In this analysis, I attempted to generate citation counts for three oceanographic data sets curated by NODC by searching WoS, publishers' websites, and Google Scholar for mentions of these data sets in the bibliographic information or full text of scientific articles. I found that although there were substantial differences in the citation counts derived from each source, all three data sets were highly cited in all sources. The WOA/WOD was particularly highly cited, with all versions of the data set having received over 8,000 citations since its first release in 1982. My results suggest that scientific articles are more likely to mention these data sets in the text than in the acknowledgements or cited references sections. I also find wide discrepancies in the methods used to refer to these data sets, both in the full text and in the cited references sections. I found 377 variant methods of citing different versions of a single data set, WOA/WOD, suggesting that researchers are not consistently using the citation formats provided for these data sets.

Although I limited this analysis to oceanographic data sets in an attempt to control for potential differences in citation practices among fields [74], it seems likely that the findings and issues identified here may be similar for data sets in other disciplines. Previous studies have suggested that data sets in other disciplines are highly cited [54], [56] and that references to data sets retrieved from full text sources are higher than formal citation counts [24], both of which are consistent with the findings presented here. In addition, inconsistent referral to data sets in scientific papers is often raised as a motivator for the development of a data citation standard, suggesting that the large number of reference variants identified here is likely to be an issue with data sets in other disciplines as well.

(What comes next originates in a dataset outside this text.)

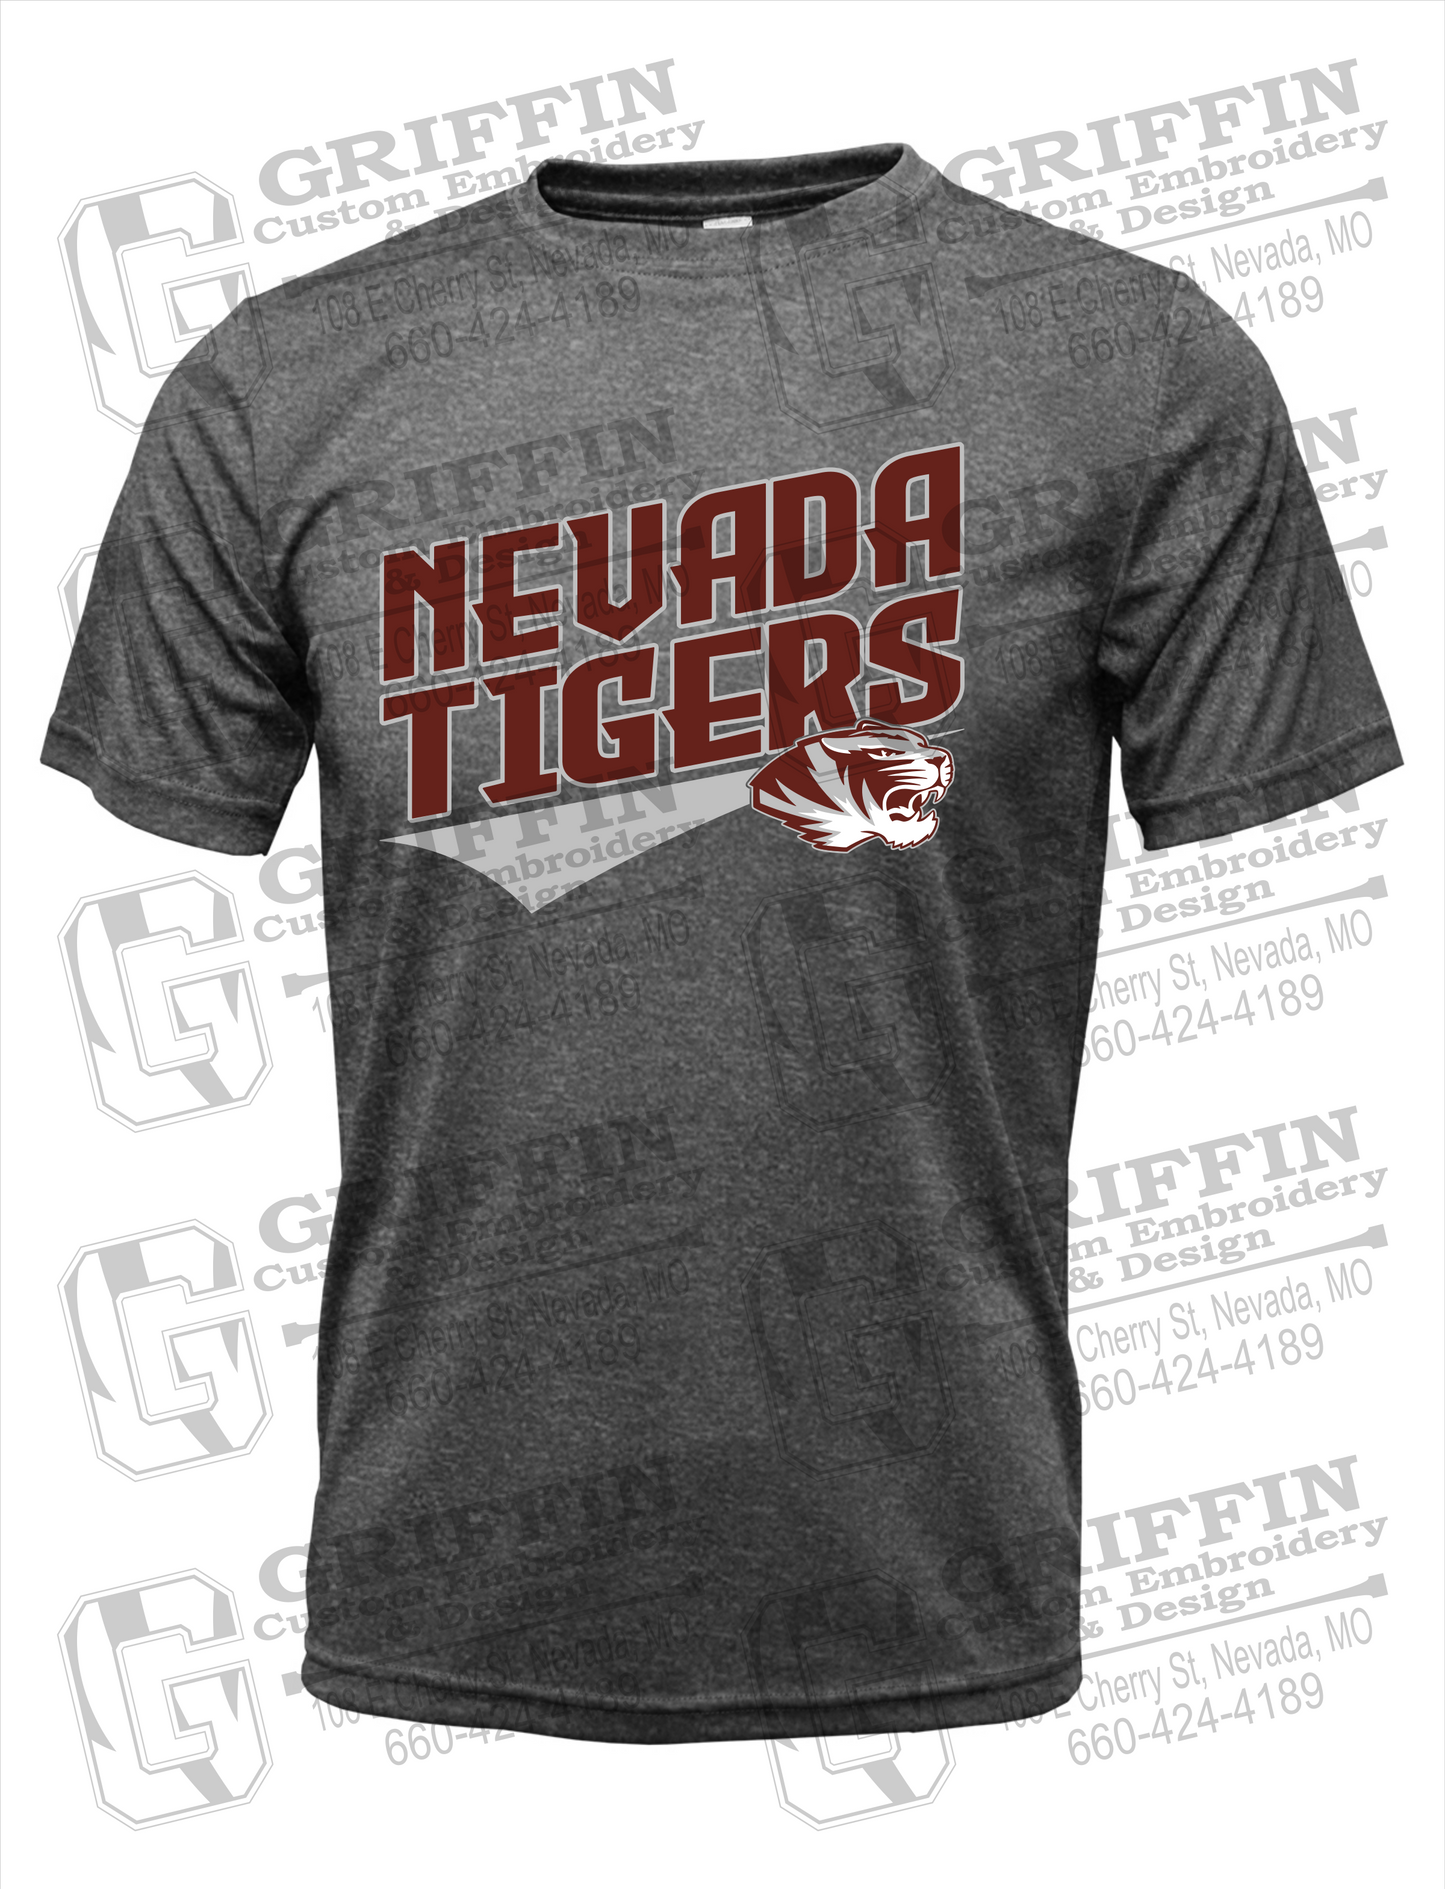 Nevada Tigers 21-E Dry-Fit T-Shirt

However, although the findings of this analysis may be broadly applicable to data sets in other disciplines, much additional research would be needed to determine what, if any, differences exist in data citation and referencing patterns among disciplines. Since it is known that citation practices for journal articles differ among disciplines [74], it is likely that such differences also exist for data sets. Such differences may be compounded by differences in disciplinary collaboration rates, the existence and utilization of discipline-specific data repositories, or other factors.

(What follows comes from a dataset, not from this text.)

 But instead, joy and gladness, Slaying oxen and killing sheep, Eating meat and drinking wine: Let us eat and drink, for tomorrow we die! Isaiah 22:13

In addition to citation counts, future research on the impact of data sets and data curation activities might focus on alternative metrics such as download counts, social network discussion, or social bookmarking to measure other forms of engagement with these data sets beyond formal citation [13], [75], or on comparing such altmetric indicators with traditional cited reference counts. Although download counts could be easily obtained, other altmetric indicators might be more problematic to obtain due to the inconsistency with which data sets are cited. Unique identifiers such as dois might alleviate this issue somewhat, but only for data sets that have been assigned such identifiers and to the degree that researchers include these identifiers in their publications.

Finally, this analysis demonstrates that individuals and institutions can make substantial contributions to scientific research without producing formal publications. My results suggest that these data sets are often used in the production of original research in oceanography. This use is possible because researchers posted their data sets to oceanographic data repositories and because these data sets were properly archived, described, and made available to the scientific research community. The high citation counts identified here suggest that these data sets – and, by extension, the curation activities necessary for their use in scientific articles – are at least as important to the advancement of oceanographic research as the findings presented in the vast majority of journal articles published in the field. Future evaluations of NODC and other organizations that curate scientific data ought to take such considerations into account.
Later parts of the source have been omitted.